Monday, November 9, 2015

Little Love Valves


I’ve had it with folding laundry. I’d rather seduce a push-up. Last night I saw Guillaume Apollinaire attack a wall and leave it trembling with closets. This inspired me. Even the drummers were nervous. But the drums, the drums were colossal. They gnashed at the air with sticks. Insights marched into representations of envy. We viewed the world differently. Everything seemed, suddenly, to exhale parentheses. Quiet intervals of private debauchery. Yodeling is now all the rage. This is how writing happens. A novel crawls into itself and percolates improbability. The density is large and red. Volume and area are frequented by pronouns. The pronouns behave irresponsibly and so bring about a state of crisis groaning with gasoline. Sparkling accommodates the cuticles of a river. Chronology collapses on itself. The narrative moves cautiously, slowly, like a high-wire funambulist crossing an abyss in a strong wind. For some reason this makes me think of sandpaper. The smell of a mahogany bar after spending an entire day rubbing it with sandpaper.

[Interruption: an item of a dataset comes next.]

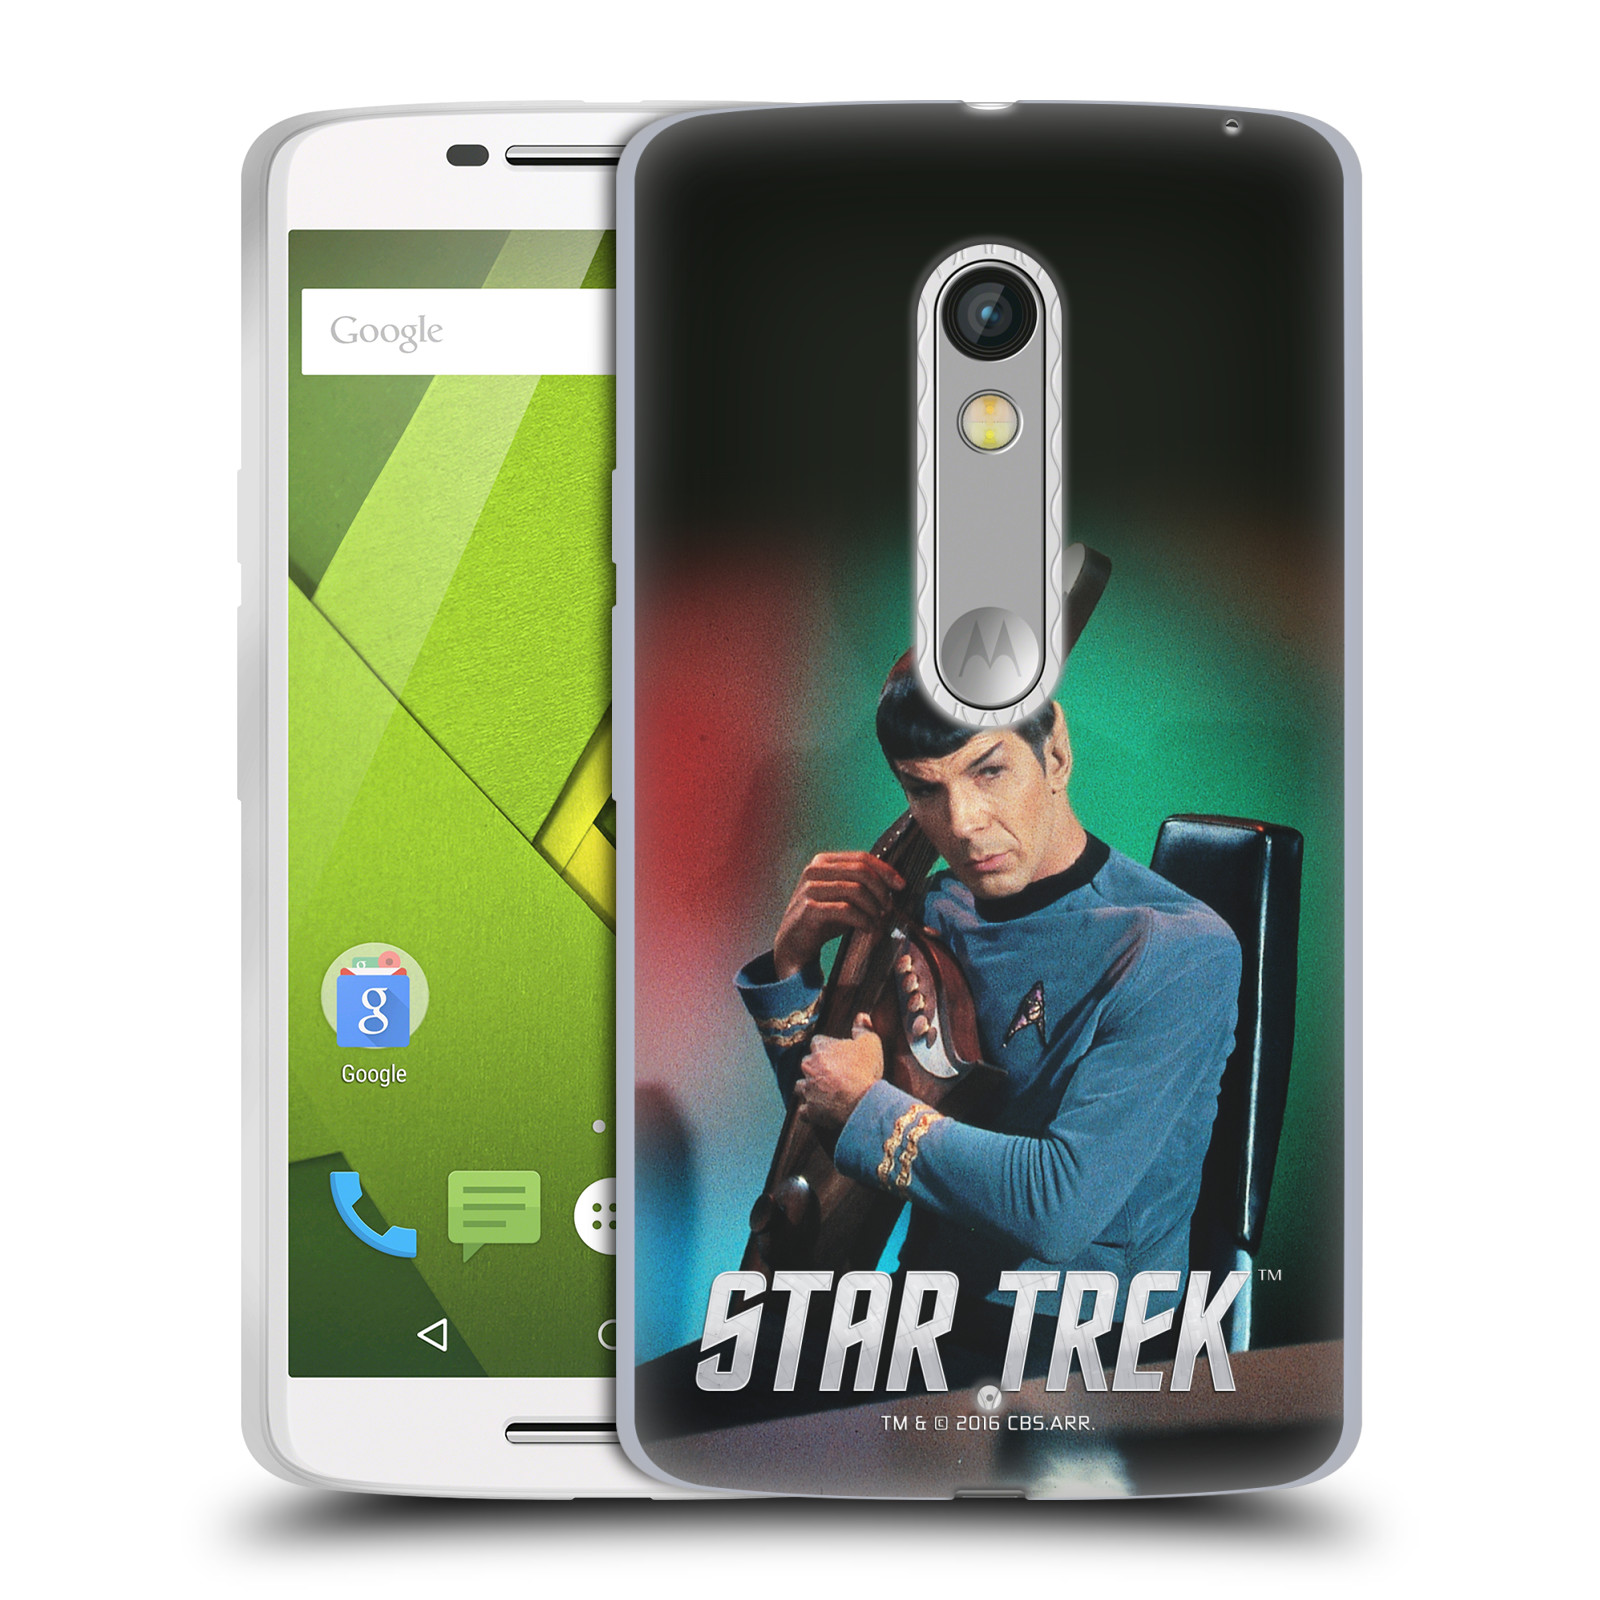 OFFICIAL STAR TREK SPOCK SOFT GEL CASE FOR MOTOROLA PHONES ...

Picasso, for example, compensated for his lack of tactile feeling by drawing in air. That is, by constructing instead of modeling or yodeling.
The term “constructed” is how the Cubists were able to repair the damage done by the Impressionists.
And this is how I came to discover the certitude of mass in Puerto Rico. Hippies chewing water, magnolia leaves enveloping the attention of a Pomeranian.
You think I’m kidding? I’m not. Imagine a family of four grown men, one in bed with a sore throat, one dressed as an astronaut, one repeatedly tossing a baseball into a catcher’s mitt, and one with smallpox scars rehearsing for Hamlet. Life is seldom simple, and misleading evidence for William Huggins’s theory of nebulae being composed of luminous gas obscure our view of other galaxies. Banish Falstaff, but do not banish space.
I like propellers too much not to consider them as somehow allegorical.
Power, on the other hand, is essentially osteopathic. All the crustaceans scatter when I slam the door. I will, therefore, expand my activities to include sculpture and photosynthesis.
Everything changes when I choose to see the world in chiaroscuro. The immediate environment assumes an air of pagan urgency. I can embody an airport and dive for ancient Phoenician sweaters. I have a wild green tie that gallops across my chest like an expressway and a convocation of buttons I affectionately call my “little love valves.” None of this proves the existence of salt, but merits careful attention with a lemon-squeezer. The sky falls to the ground and breaks into a thousand knobs of luminous falsetto. What can go wrong?
I will admit that I prefer cellophane to aluminum foil. There’s a certain sorcery in the insistence of rain that speaks to my affinity for afterthought. Afterthought is vastly superior to forethought because Shelley’s Mont-Blanc creates an image of sublimity that continually hypostatizes an eternity of human consciousness. Forethought only reminds us to buy some laundry detergent.
For example, I can endure a parody of mathematics if it pulses with envy. Give me a shovel and I will dig for substitutes. This is how we come to discover that empire is soaked in ovals. And yes, I believe that the world is a fingerprint. How else can you explain the bounciness of pronouns, or the velvet underlining of a waterfall?
The map, they say, is not the territory. I get it. But isn’t it all a matter of corduroy and glue? Mountains exalt the twist of the highway. But the sugar puzzles our tongues with the candor of its sweetness, the multiplicity of its grains, the sensations exploding into symposiums of spectral congeniality the way elves do when they bounce through infinity enlivening the temperature of hindsight or get serious and determined and hammer chimerical ores out of hermetic Norwegian mines or get impromptu and wayward and descend booming furious rivers, drunk and exuberant, wild seething spumescences of locomotive actuation pushed hot and obvious into the sounds of Jack Kerouac’s teletype. Clackety-clack. Clackety-clack. Words on a train. Acoustical, desperate, and strange.